Let's say I have a simple syntax where you can assign a number to an identifier using =
sign.
I can write the parser in two ways.
I can include the character token =
directly in the rule or I can create a named token for it and use the lexer to recognize it.
Option #1:
// lexer
[A-Za-z_][A-Za-z_0-9]* { return IDENTIFIER; }
[0-9]+ { return NUMBER; }
// parser
%token IDENTIFIER NUMBER
%%
assignment : IDENTIFIER '=' NUMBER ;
Option #2:
// lexer
[A-Za-z_][A-Za-z_0-9]* { return IDENTIFIER; }
[0-9]+ { return NUMBER; }
= { return EQUAL_SIGN; }
// parser
%token IDENTIFIER NUMBER EQUAL_SIGN
%%
assignment : IDENTIFIER EQUAL_SIGN NUMBER ;
Both ways of writing the parser work and I cannot quite find an information about good practices concerning such situation. The first snippet seems to be more readable but this is not my highest concern.
Is any of these two options faster or beneficial in other way? Are they technical reasons (other than readability) to prefer one over another?
Is there maybe a third, better way?
I'm asking about problems concerning huge parsers, where optimization may be a real issue, not just such toy examples as is shown here.
Aside from readability, it basically makes no difference. There really is no optimisation issue, no matter how big your grammar is. Once the grammar has been compiled, tokens are small integers, and one small integer is pretty well the same as any other small integer.

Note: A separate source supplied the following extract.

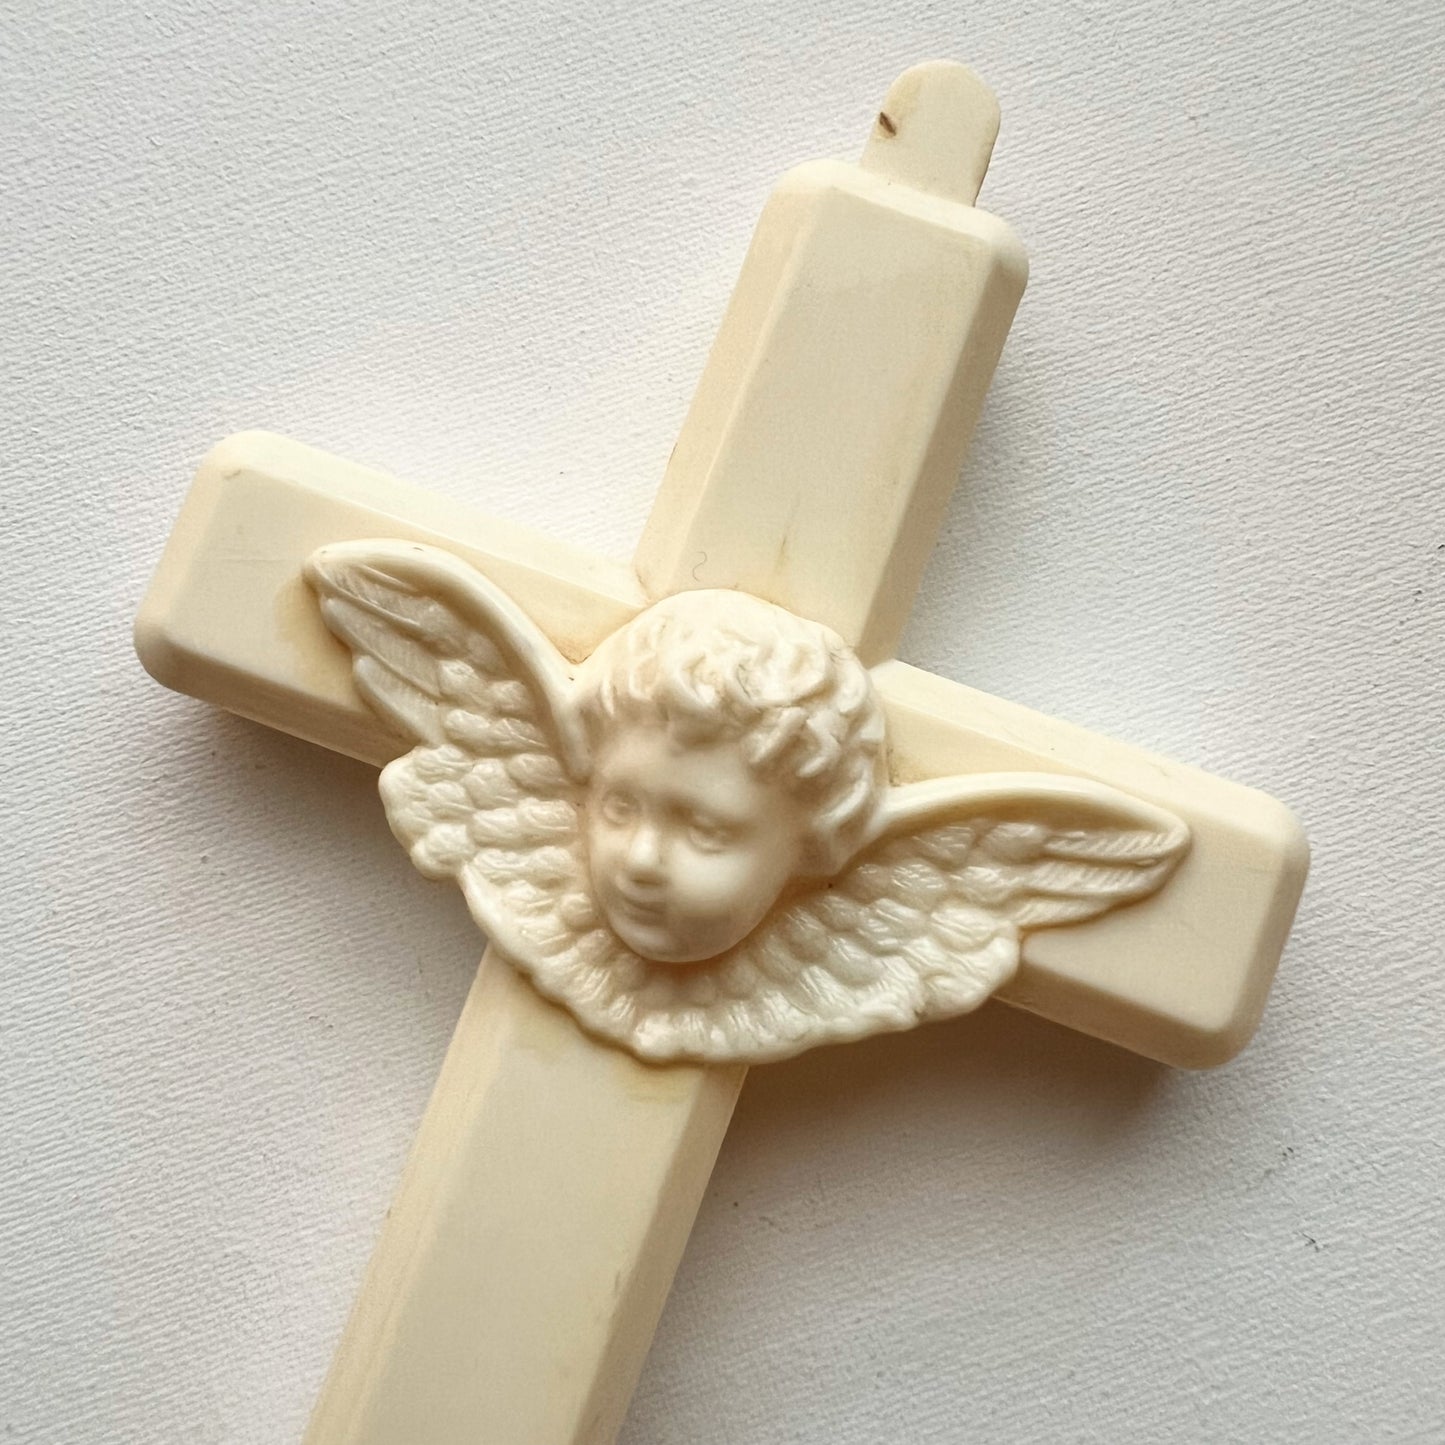 【Vintage】France - 1950s Plastic Saint's Cradle Cross
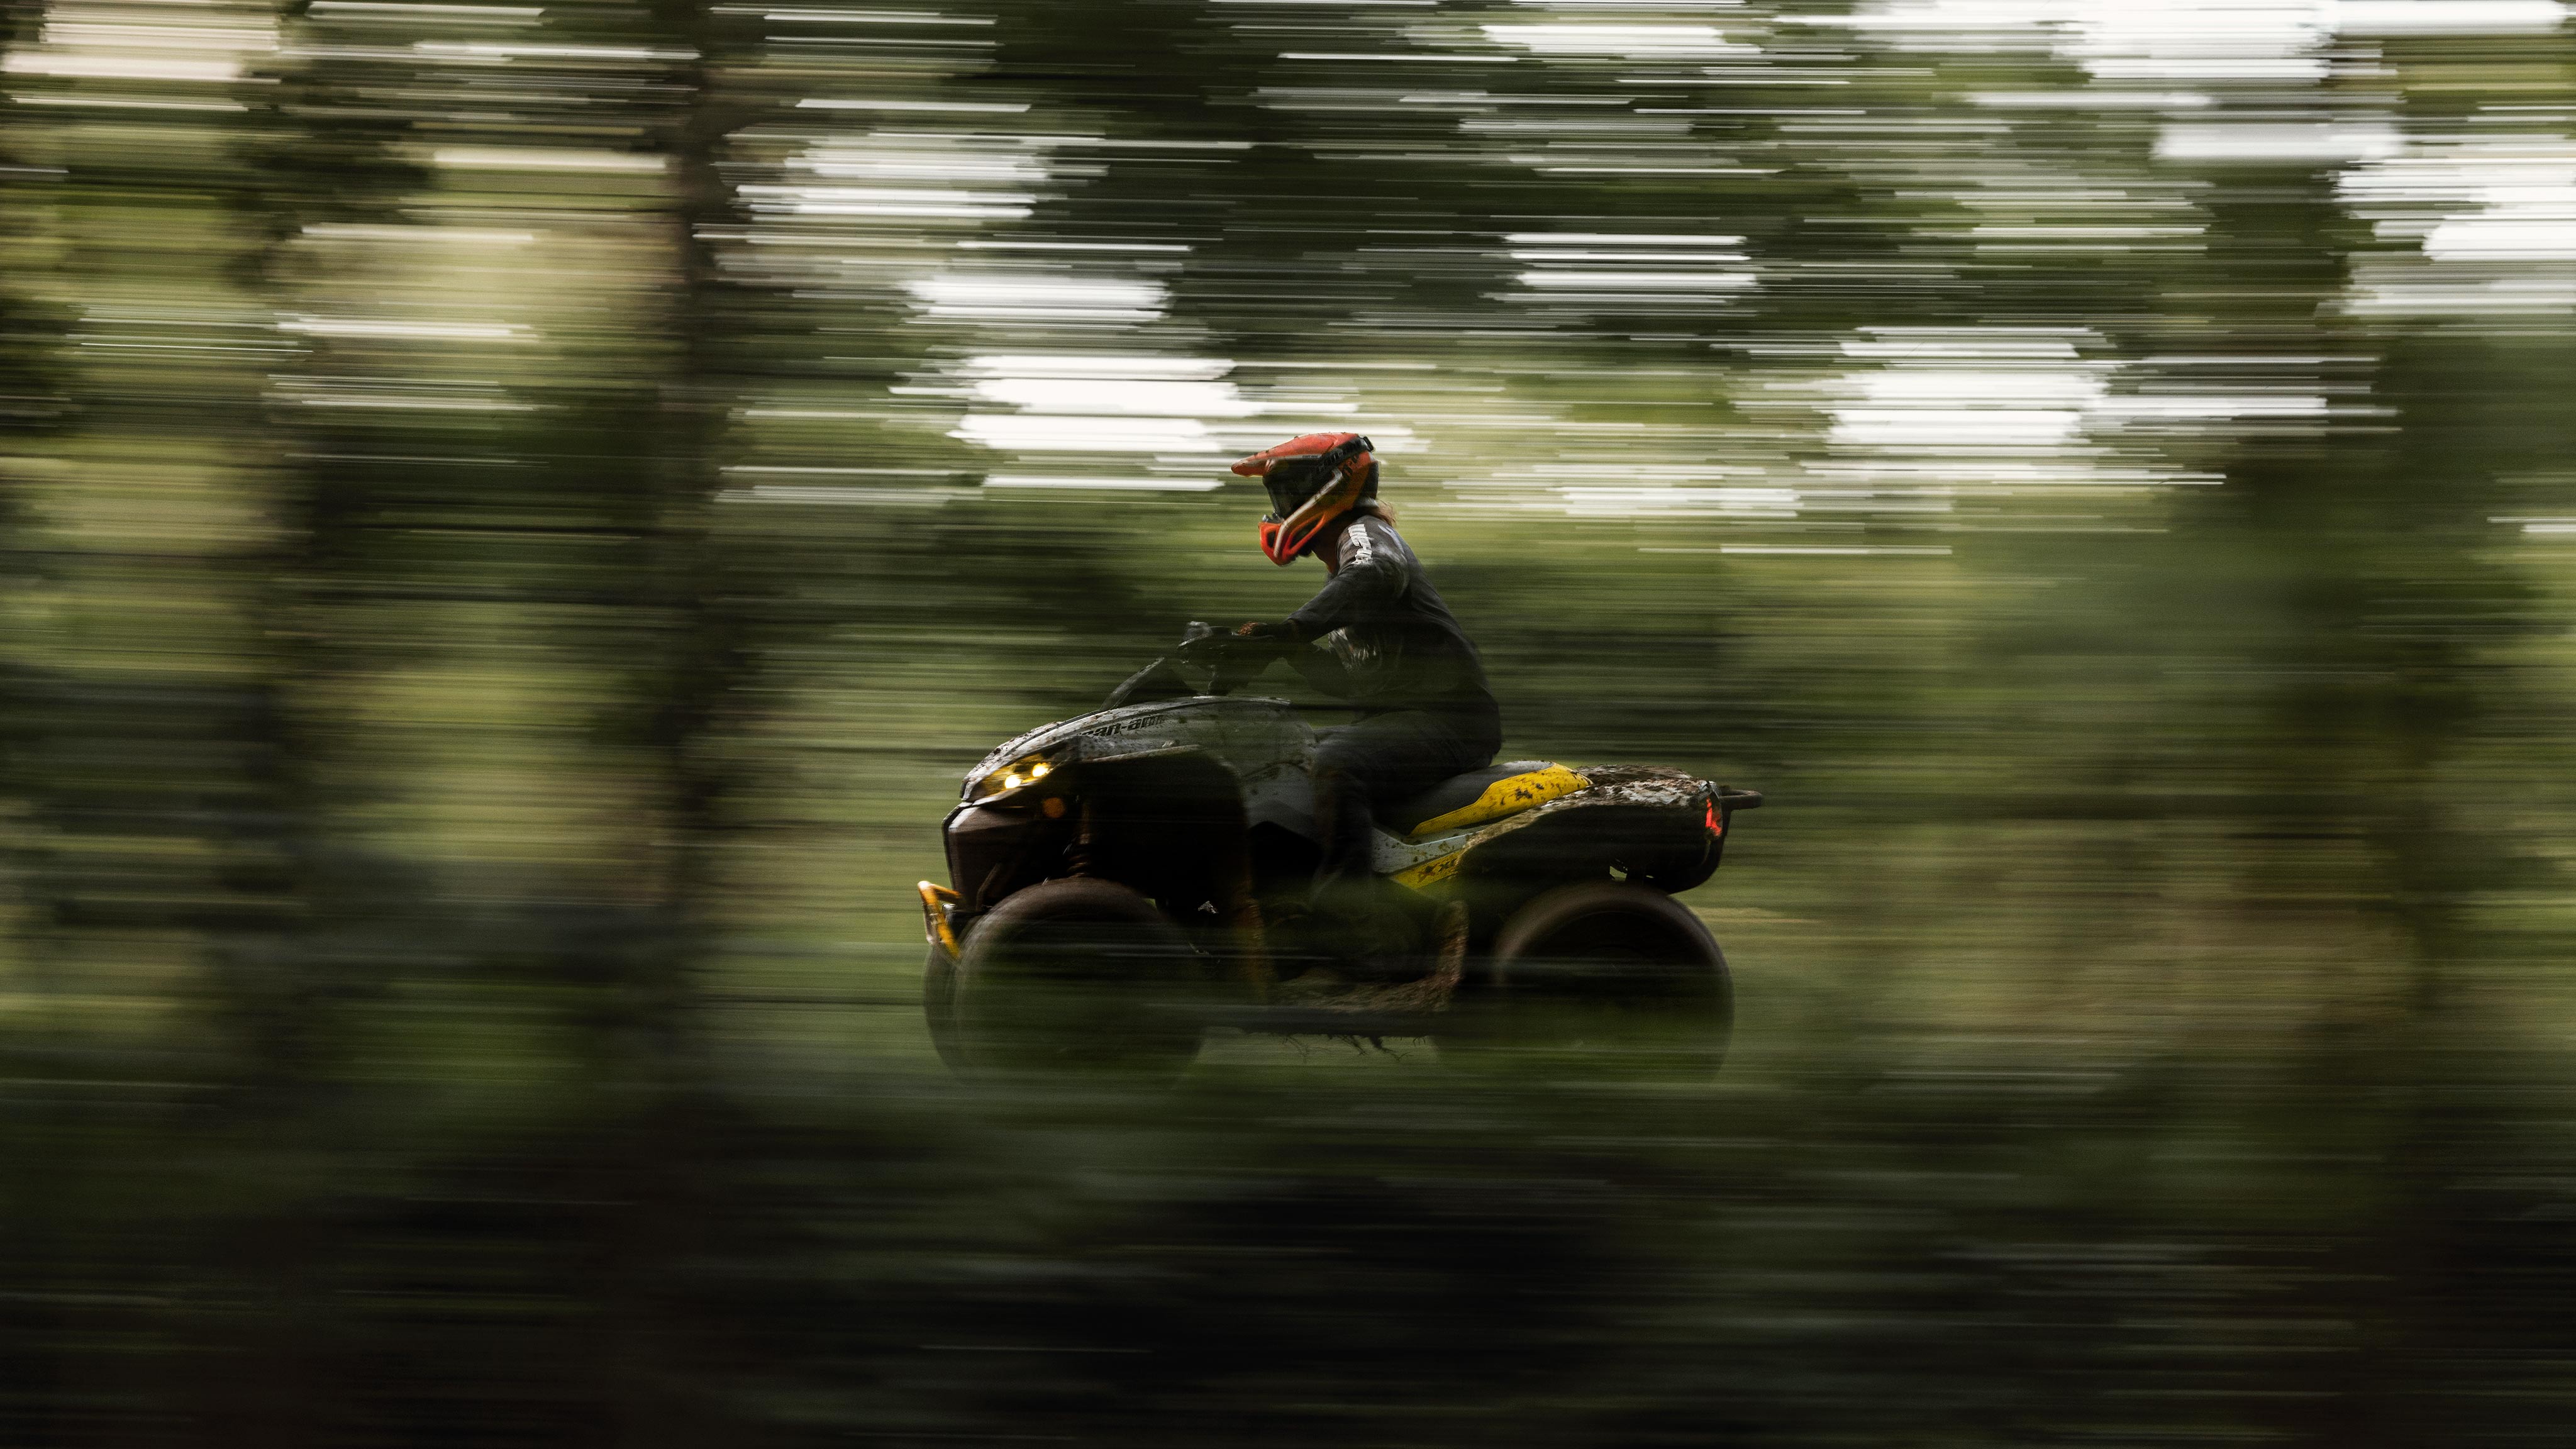 Persoon die rijdt op een Can-Am Outlander ATV met hoge snelheid

But I wouldn't underrate the importance of readability. For one thing, it's harder to see bugs in unreadable code. It's surprisingly common for a grammar bug to be the result of simply typing the wrong name for some punctuation character. It's much easier to see that '{' expr '{'
is wrong than if it were written T_LBRC expr T_LBRC
, and furthermore the named symbols are much harder to interpret for someone whose first language isn't English.
Bison's parse table compression requires token numbers to be consecutive integers, which is done by passing incoming token codes through a lookup table, hardly a major overhead. Not using character codes doesn't avoid this lookup, though, because the token numbers 1 through 255 are reserved anyway.
However, Bison's C++ API using named token constructors requires token names and single-character token codes cannot be used as token names (although they're not forbidden, since you're not required to use named constructors).
Given that use case, Bison recently introduced an option which generates consecutively numbered token codes in order to avoid the recoding; this option is not compatible with single-character tokens being represented as themselves. It's possible that not having to recode the token is a marginal speed-up, but it's hard to believe that it's significant, but if you're not going to use single-quoted tokens, you might as well go for it.
Personally, I don't think the extra complexity is justified, at least for the C API. If you do choose to go with token names, perhaps in order to use the C++ API's named constructors, I'd strongly recommend using Bison aliases in order to write your grammar with double-quoted tokens (also recommended for multi-character operator and keyword tokens).